The real Chinese economy continues to grow at 7 percent, according to Xingwang Qian, associate professor of economics and finance.
“The recent decline in the Shanghai Stock Market (SSE) is a correction,” said Xingwang. “That market went from 2,000 to 5,000 in less than a year. That’s a bubble, and a bubble is going to burst; it’s going to correct itself. That’s why the market went down.”
Xingwang is an expert in international economics who focuses on cross-border capital flow involving emerging markets, especially China.
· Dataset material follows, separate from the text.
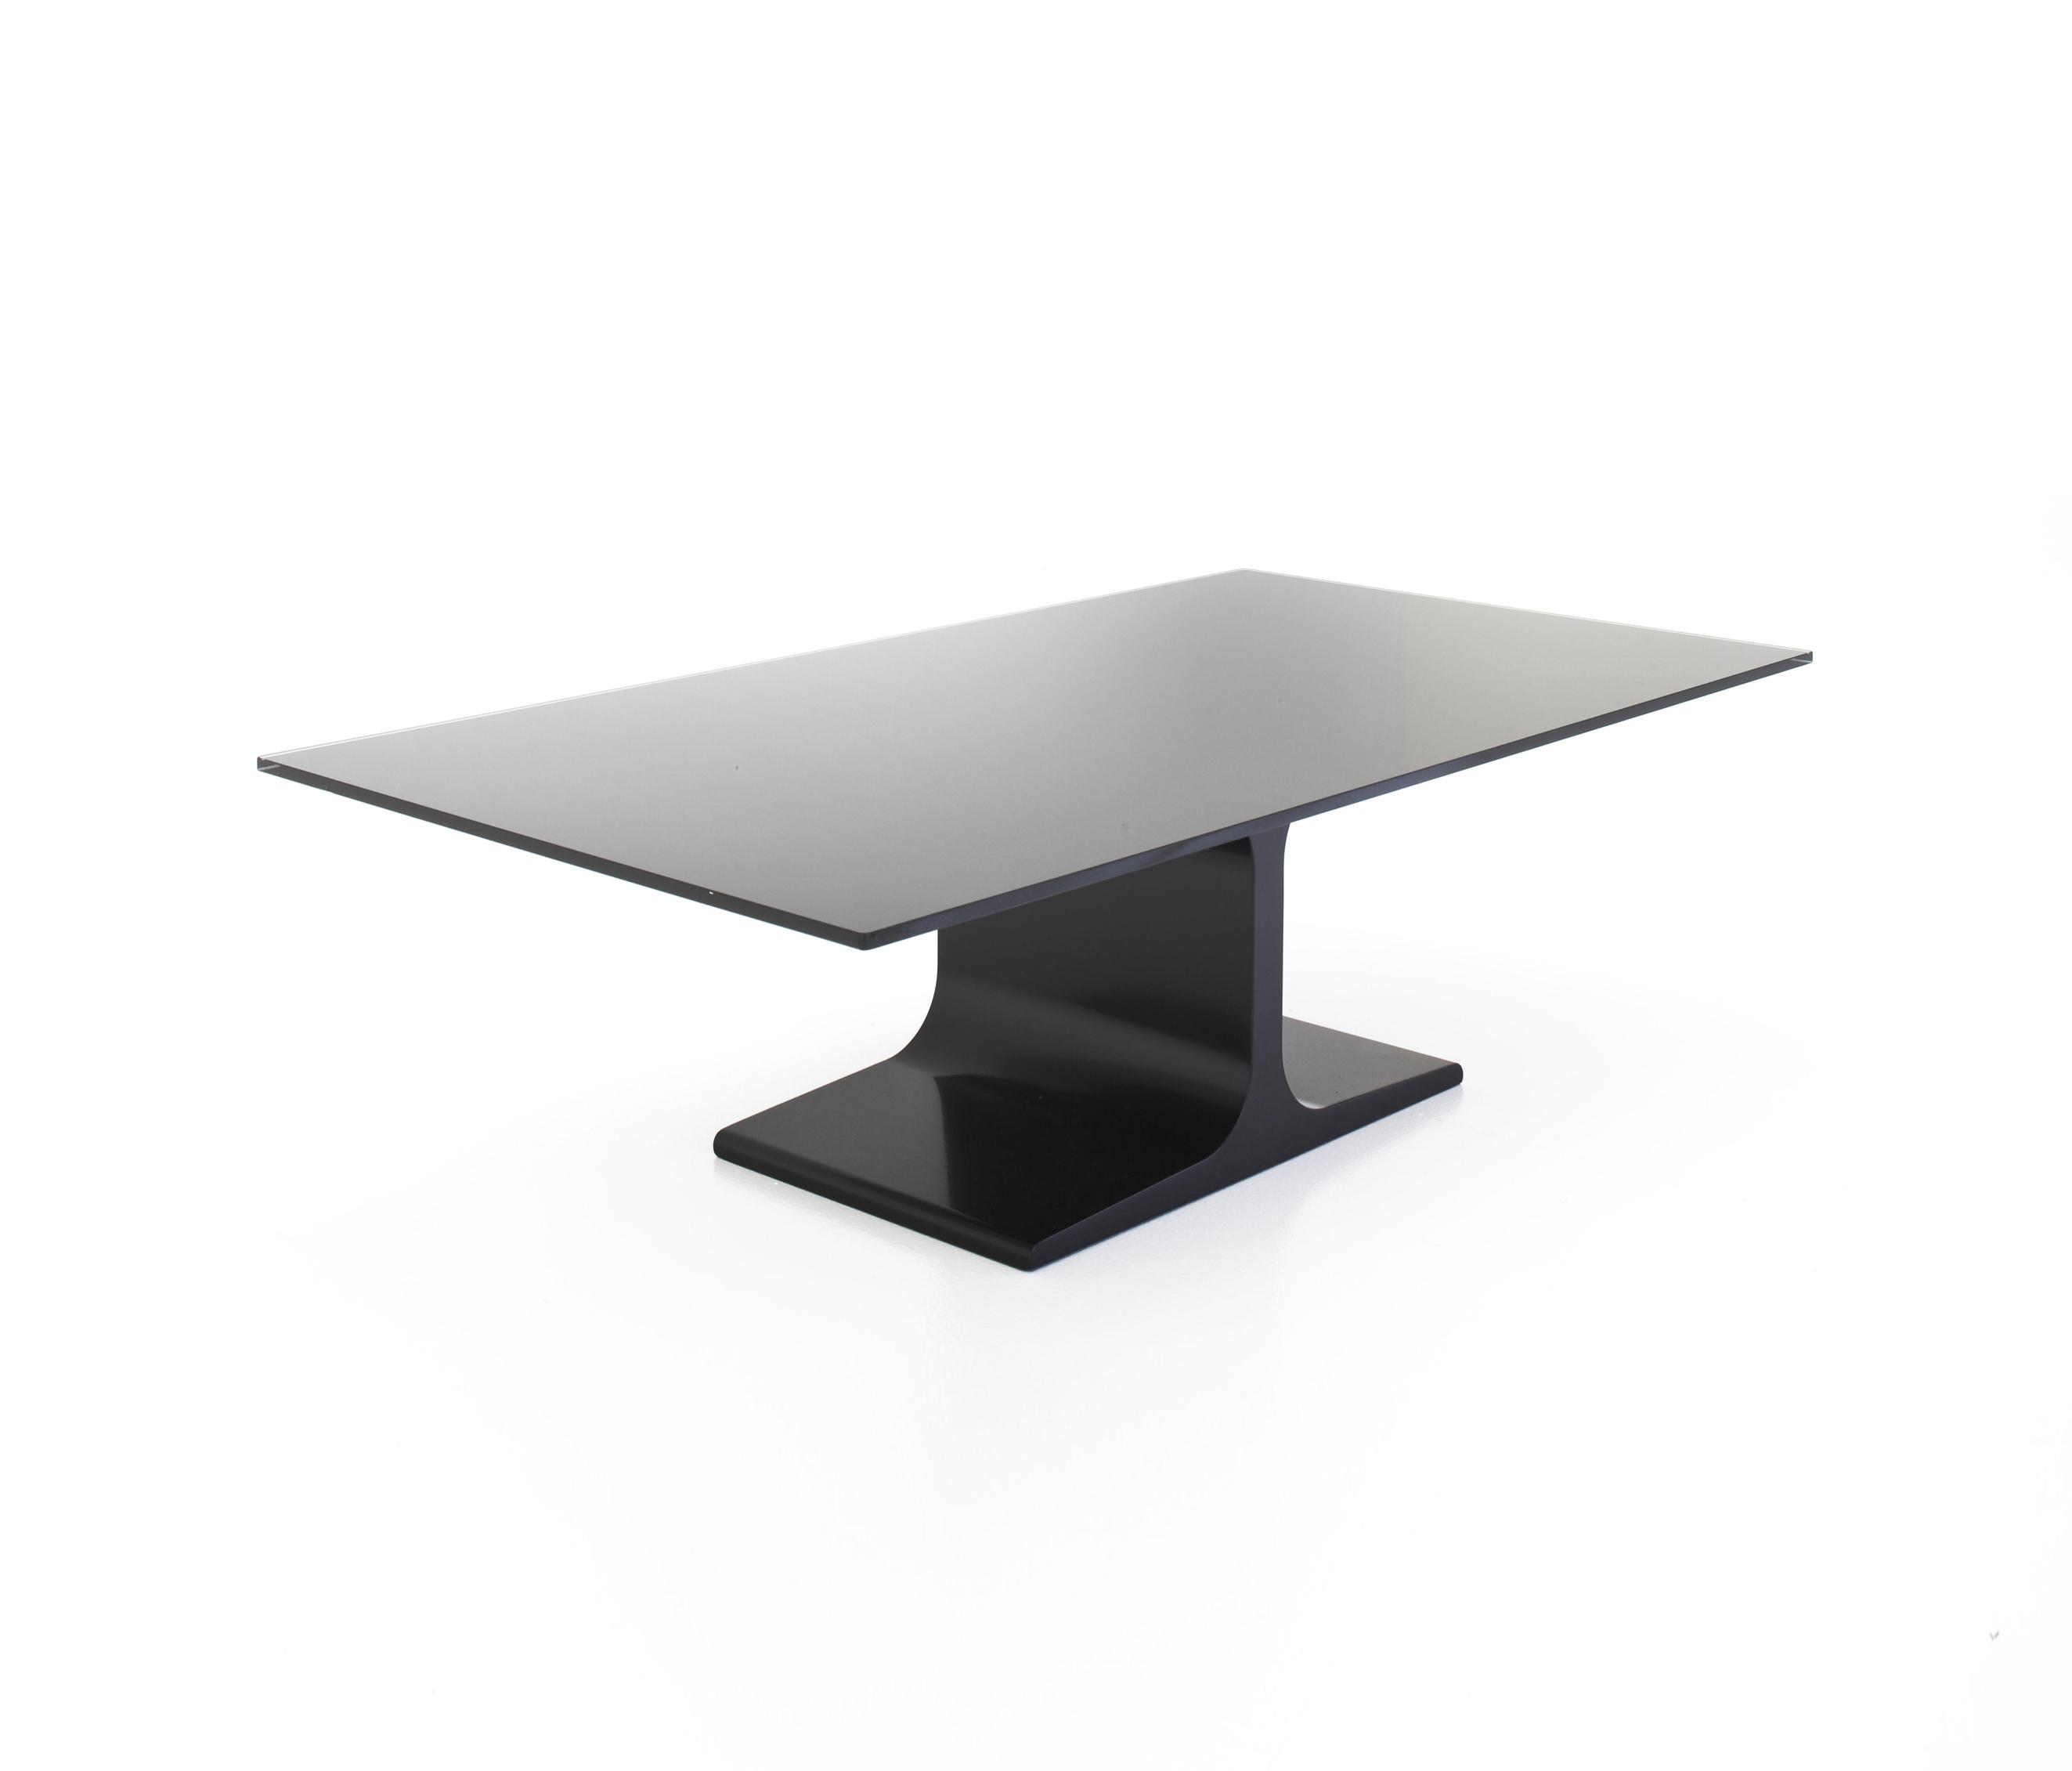 Tavolino Salotto Che Diventa Tavolo Da Pranzo.Tavolino Che Diventa Tavolo Da Pranzo Interesting Il Tavolino Da

From his personal perspective, allowing the market to correct itself would have been preferable, but, he said, “The Chinese government is concerned about the stock market affecting other sectors of the economy, so they are trying to stabilize the market.”
Any government has to weigh the costs and benefits of intervening in a market. “The benefit is stabilizing the real economy,” he said. “But the risk is that, when the government buys stocks, it creates an expectation that keeps pushing the stock market to go down.” Xingwang said that the SSE is only one part of the financial sector of China’s economy, and that China’s economy includes many sectors, including manufacturing.
It’s the manufacturing sector, Xingwang suggested, that drove the recent devaluation of China’s currency. “China is the world’s factory,” he said. “To keep their exports competitive, they had to devalue their currency.”
Xingwang, who earned a bachelor’s degree in accounting from Nankai University in China, studied international economics at the University of California, Santa Cruz, before joining Buffalo State in 2008. “I became very interested in international economics,” he said. “You do some research, and you make a prediction, and sometimes you see it happen in the real world. It’s fascinating.”